Other:  BDSM, M/F, Spanking, Voyeurism
Pagan & Pagan Elements: No
Reviewed by: Violet Harper

About The Book:
Mae Southall is an independent woman who is not above breaking the rules if it suits her. She relies on no one but herself. Sex is fine but on her terms. When she meets the darkly handsome and mysterious Rob, Mae learns that sexual submission has its benefits.

Robert Parker is Mae’s new boss. She just doesn’t realize it yet. He has a few rules of his own. The first one is that he’s in control when it comes to sex. Her mind may be her own but her body is his to do with as he wishes. He requires her total surrender to him.

The Review:
One of the biggest misconceptions about BDSM is that it’s forced upon the submissive. Quite the opposite is true. The submissive always has a choice and control. They’re the ones whose needs dictate what the Dom will and won’t do. Those rules and signals are worked out ahead of time for the safety and pleasure of all involved. This story threw all those norms out the window. Robert doesn’t tell Mae she has a choice until after the sex act is accomplished. Even then, it’s not completely believable, but more like a lame attempt to vindicate his actions. He threatens her with having to endure rape at the hands of a random passing (willing?) man if she doesn’t “suck him off”. As a woman and someone well-versed in the BDSM lifestyle, I was appalled at the conditions under which this story set. Rape is about control. BDSM is about pushing boundaries and fulfilling role-playing fantasies. It’s about trust and sharing.

All good relationships—friendly and sexual—are built on a foundation of respect. Refusing to wear a condom isn’t respectful, no matter what a man’s future intentions are with his partner, especially when he doesn’t make them clear to the partner. The lack of a relationship made Rob’s repetitious use of the term ‘baby’ demeaning, though it was probably meant to be a term of endearment.

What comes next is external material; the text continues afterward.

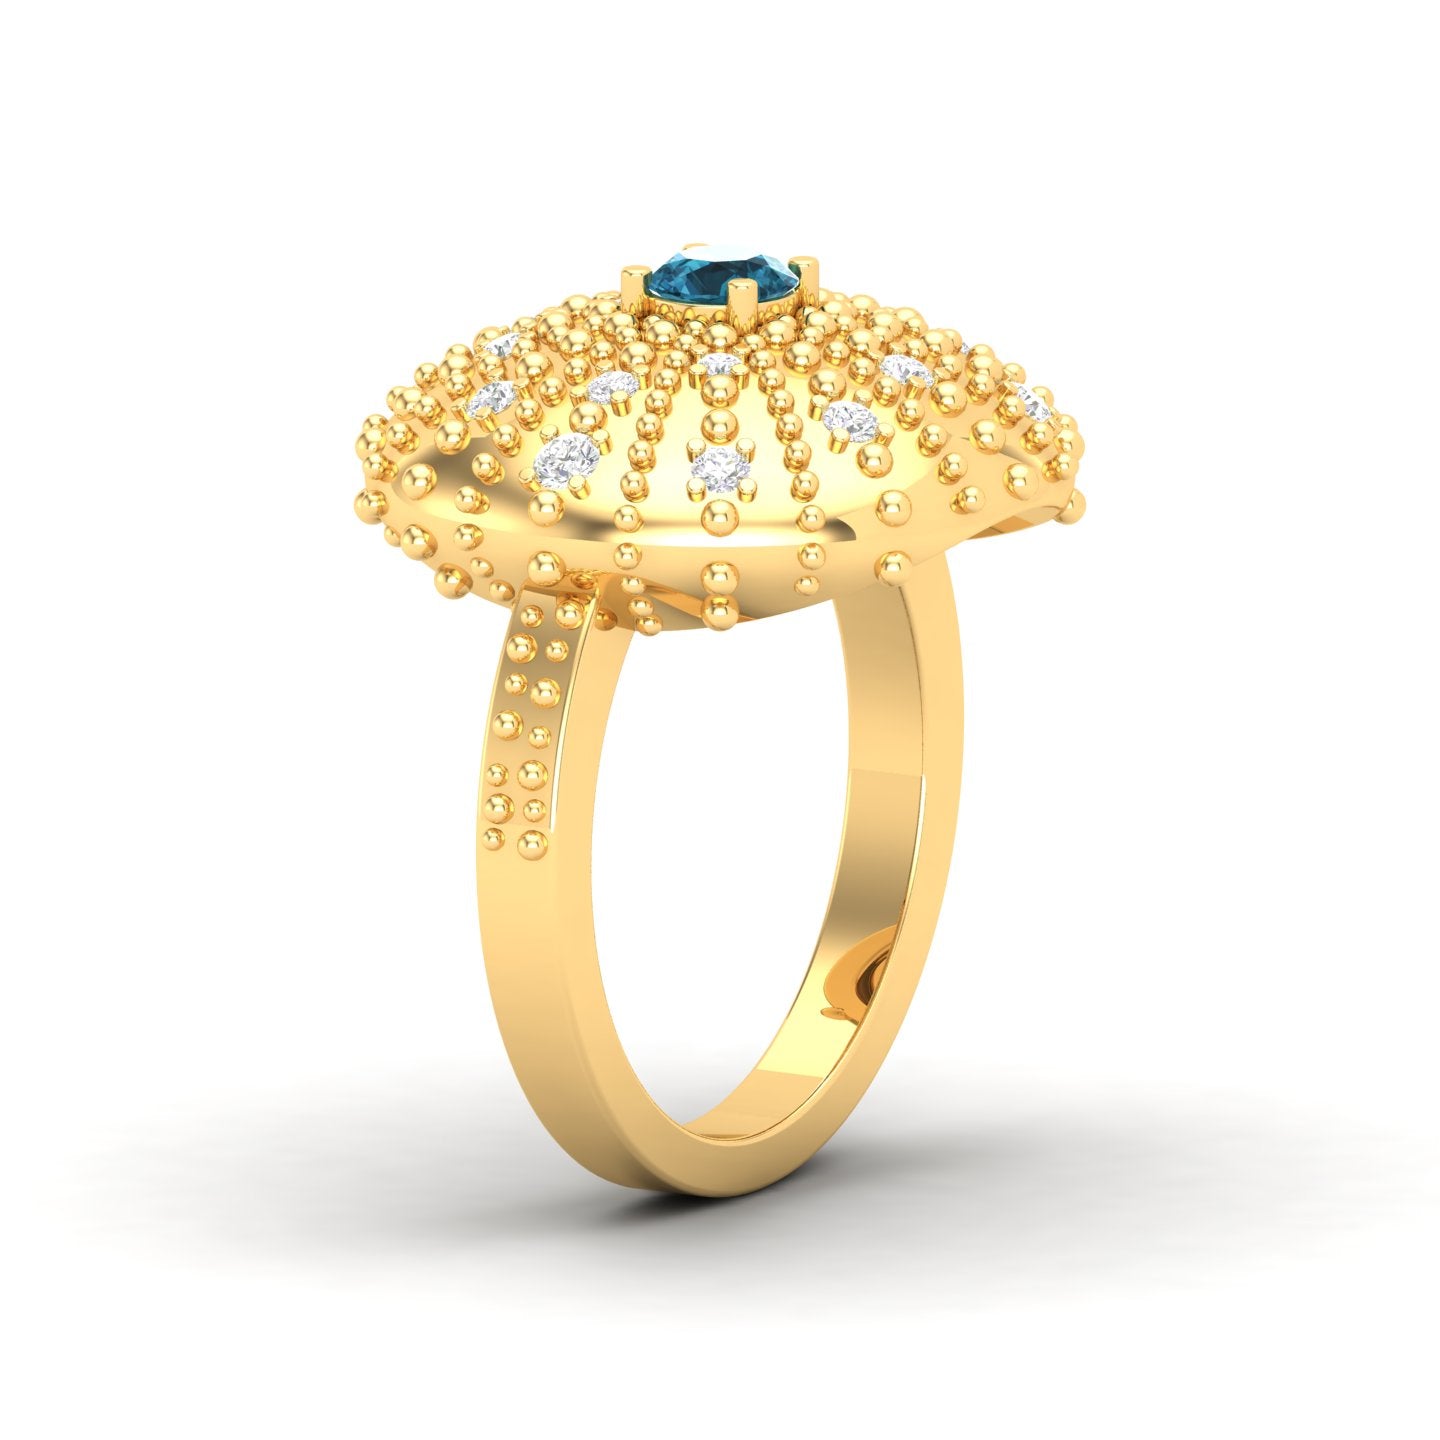 Maurya Desert London Blue Topaz Cocktail Ring with Scattered Diamonds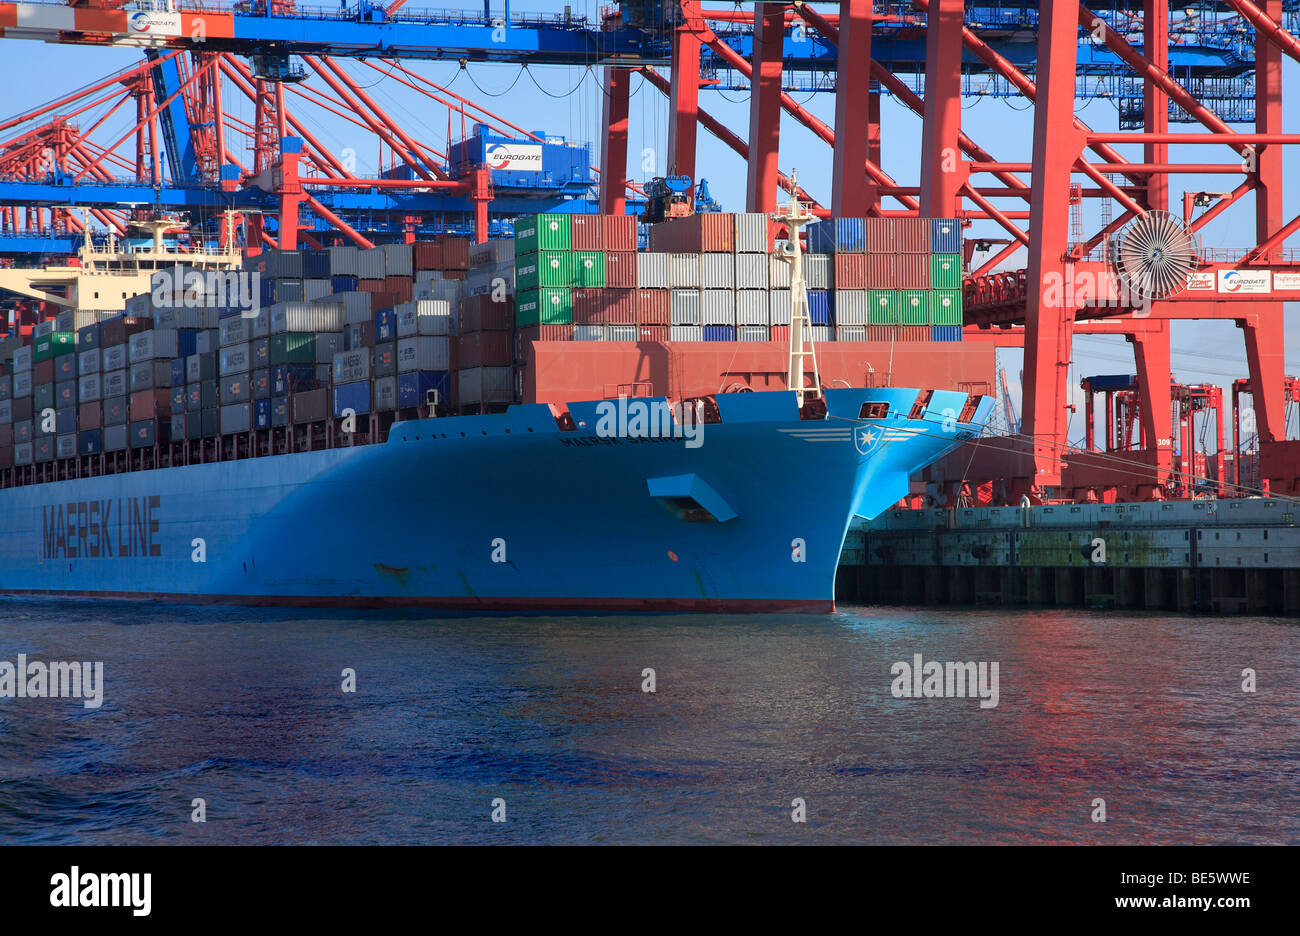 Großes Containerschiff Maersk Line, Maersk Salina, geladen, Eurogate Container Terminal, Containerbrücken, Container, Hafen Stockfoto

The character development contradicted itself. First Rob is thinking he would like something more with Mae, then he gets jealous when the male hooker he paid to ‘play’ with Mae (without her prior knowledge or consent—or a condom) gets frisky with her. The reasoning tends to start like this: “He needed Mae to understand and accept what he had already concluded himself. They were meant for each other, destined to be together.” Then, a few paragraphs later: “He knew she was confused. That was understandable. He was feeling a little the same way.” He either thinks they belong together, he isn’t sure, or he doesn’t think they belong together. Vacillating feelings in the last pages do not an HEA make.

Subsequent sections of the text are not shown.